Another case of "cannot borrow `X` as mutable more than once at a time"

here is a snippet of my code. If it does not have enough context I will paste all my code, let me know.

I am using specs to build a simulation.

    fn run(&mut self, (entities, food_storage, maker_storage, mut offer_storage): Self::SystemData) {
            for (entity, food, maker, offer_opt) in (&entities, &food_storage, &maker_storage, (&mut offer_storage).maybe()).join(){
                println!("Hello, {:?}", &entity);
                match (offer_opt) {
                    Some (offer) =>
                        println!("{:?} has an offer", &entity),
                    None => {
                        println!("{:?} has no offer, adding one", &entity);
                        offer_storage.insert(entity, Offer{lot_size: Food(4.0), price: 1.0});
                    }
                }
            }
        }

The problem is with the line
offer_storage.insert(entity, Offer{lot_size: Food(4.0), price: 1.0});
Because offer_storage has already been mutably borrowed a few lines up, I can't mutably borrow it again.
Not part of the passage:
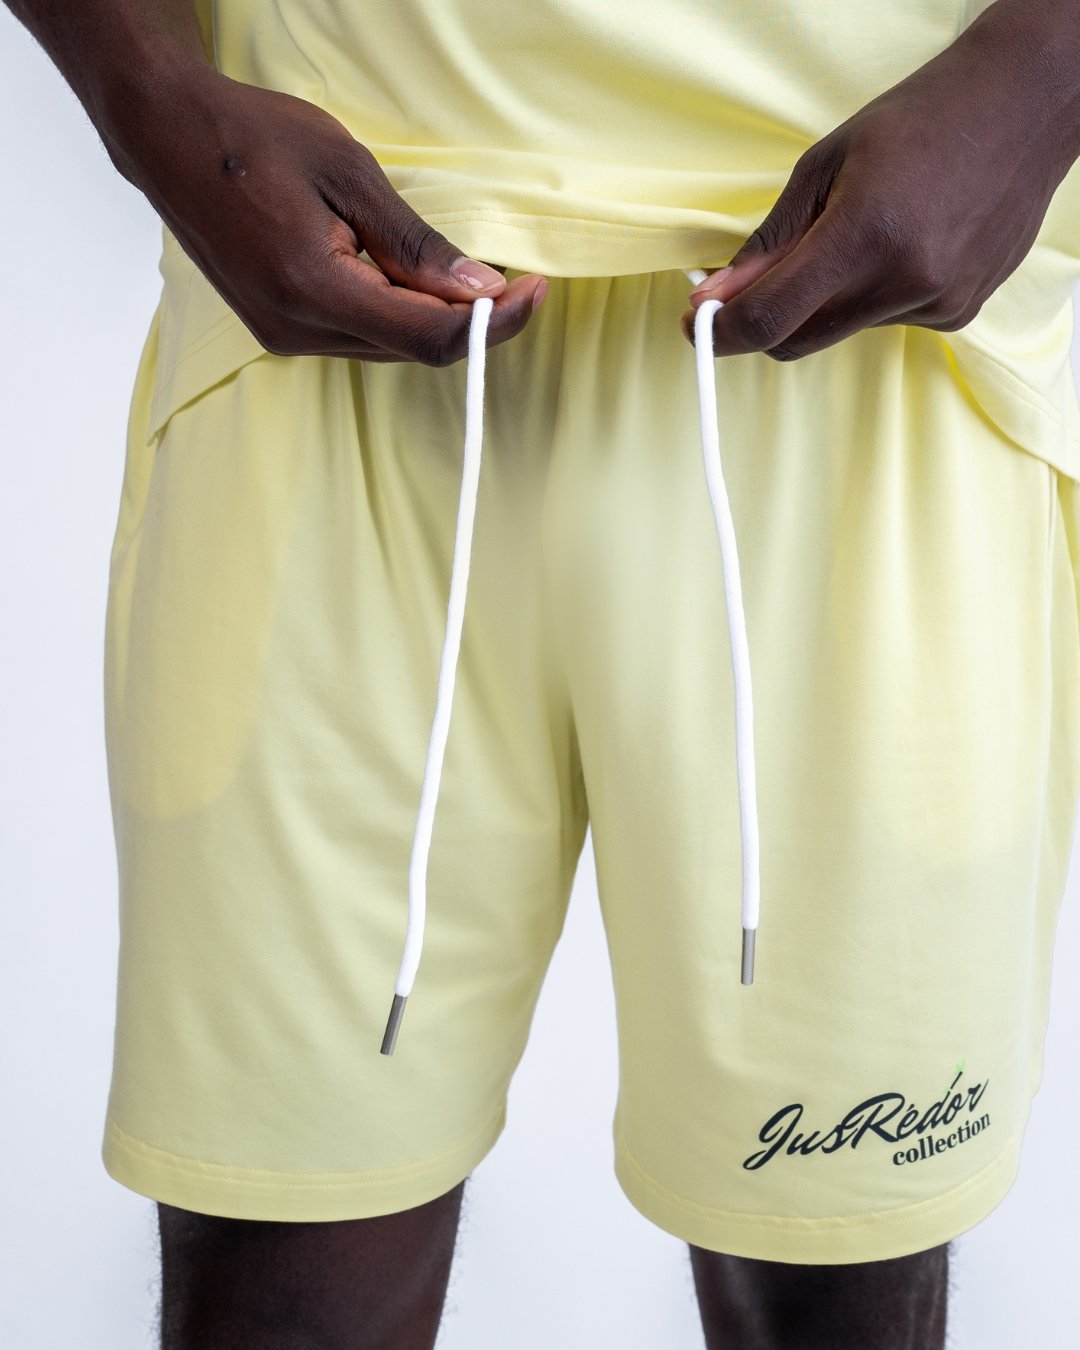 Baseline Bamboo Boi Shorts - JusRédorShorts

From this answer that the solution is to "restructure the code so it doesn't have such borrowing patterns". It is not clear to me how I should accomplish this given that I only want to insert an offer when one doesn't already exist.

Caveat: I've never worked with specs.

Try looping once to collect entities without offers, and a second time to insert new offers. Or if offer_storage offers something like HashMap's Entry api, you can use that.